Is the "Agent-Compose Declarative Agent Orchestration Pipeline" workflow easy to implement?
Yes, this workflow is designed with architectural clarity in mind. Most users can implement the core logic within 45-60 minutes using the provided steps and tool recommendations.
Can I customize this AI automation for my specific business?
Absolutely. The blueprint provided is modular. You can easily swap tools or modify individual steps to fit your unique operational requirements while maintaining the core algorithmic efficiency.

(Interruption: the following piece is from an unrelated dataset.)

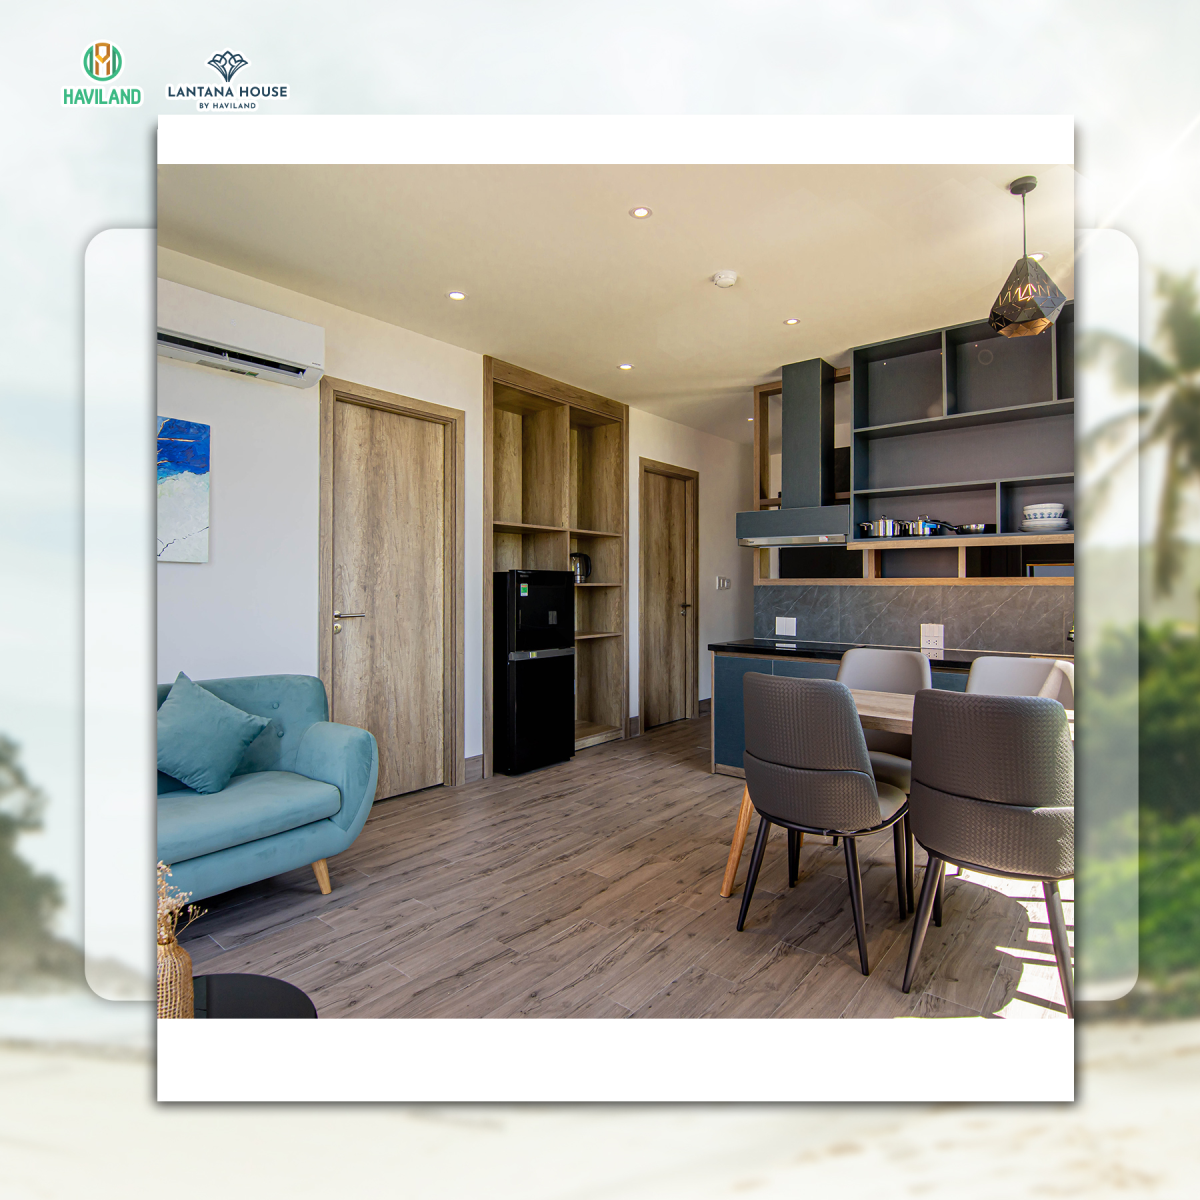  Lantana House Boutique là một không gian nghỉ dưỡng xanh mát đầy đủ tiện nghi với lối thiết kế hiện đại, gần gũi với thiên nhiên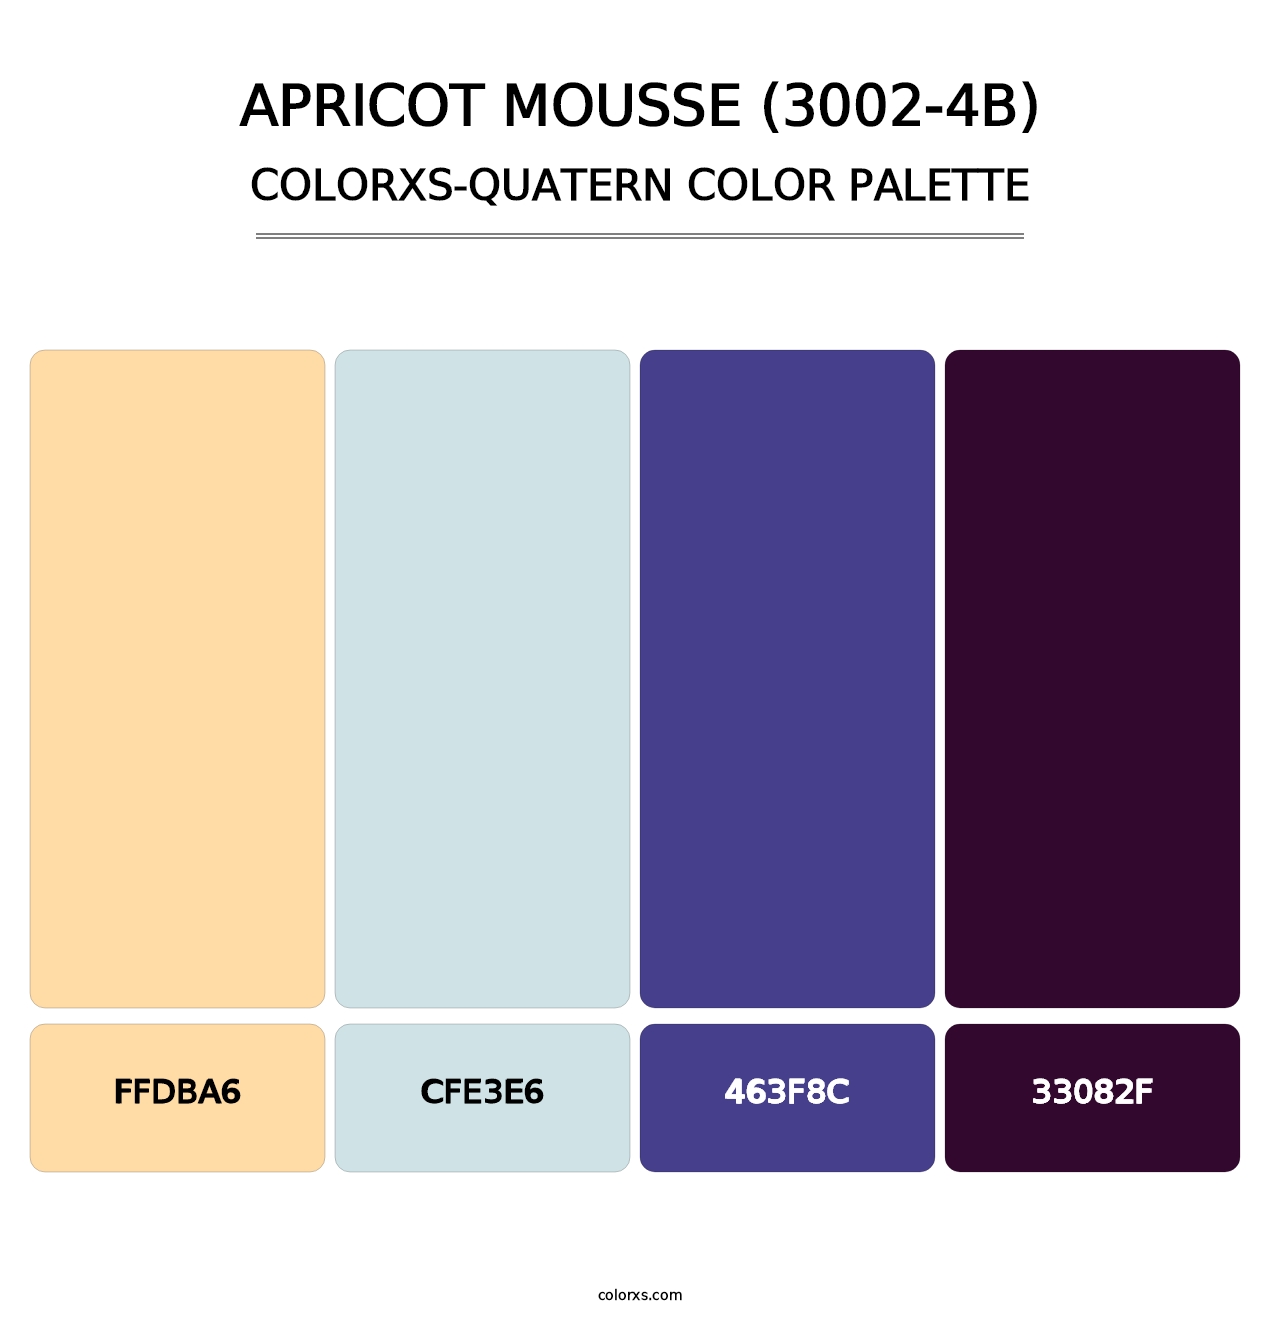 Apricot Mousse (3002-4B) - Colorxs Quatern Palette

How much time will "Agent-Compose Declarative Agent Orchestration Pipeline" realistically save me?
Based on current benchmarks, this specific system can save approximately 8-12 hours per week by automating repetitive tasks that previously required manual intervention.
Are the tools used in this workflow free?
The tools vary. Some are free, while others may require a subscription. We always try to recommend tools with generous free tiers or high ROI to ensure the automation remains cost-effective.
What if I get stuck during the setup?
We recommend reviewing each step carefully. If you encounter issues with a specific tool (like Zapier or OpenAI), their respective documentation is the best resource. You can also reach out to the Dailyaiworld collective for architectural guidance.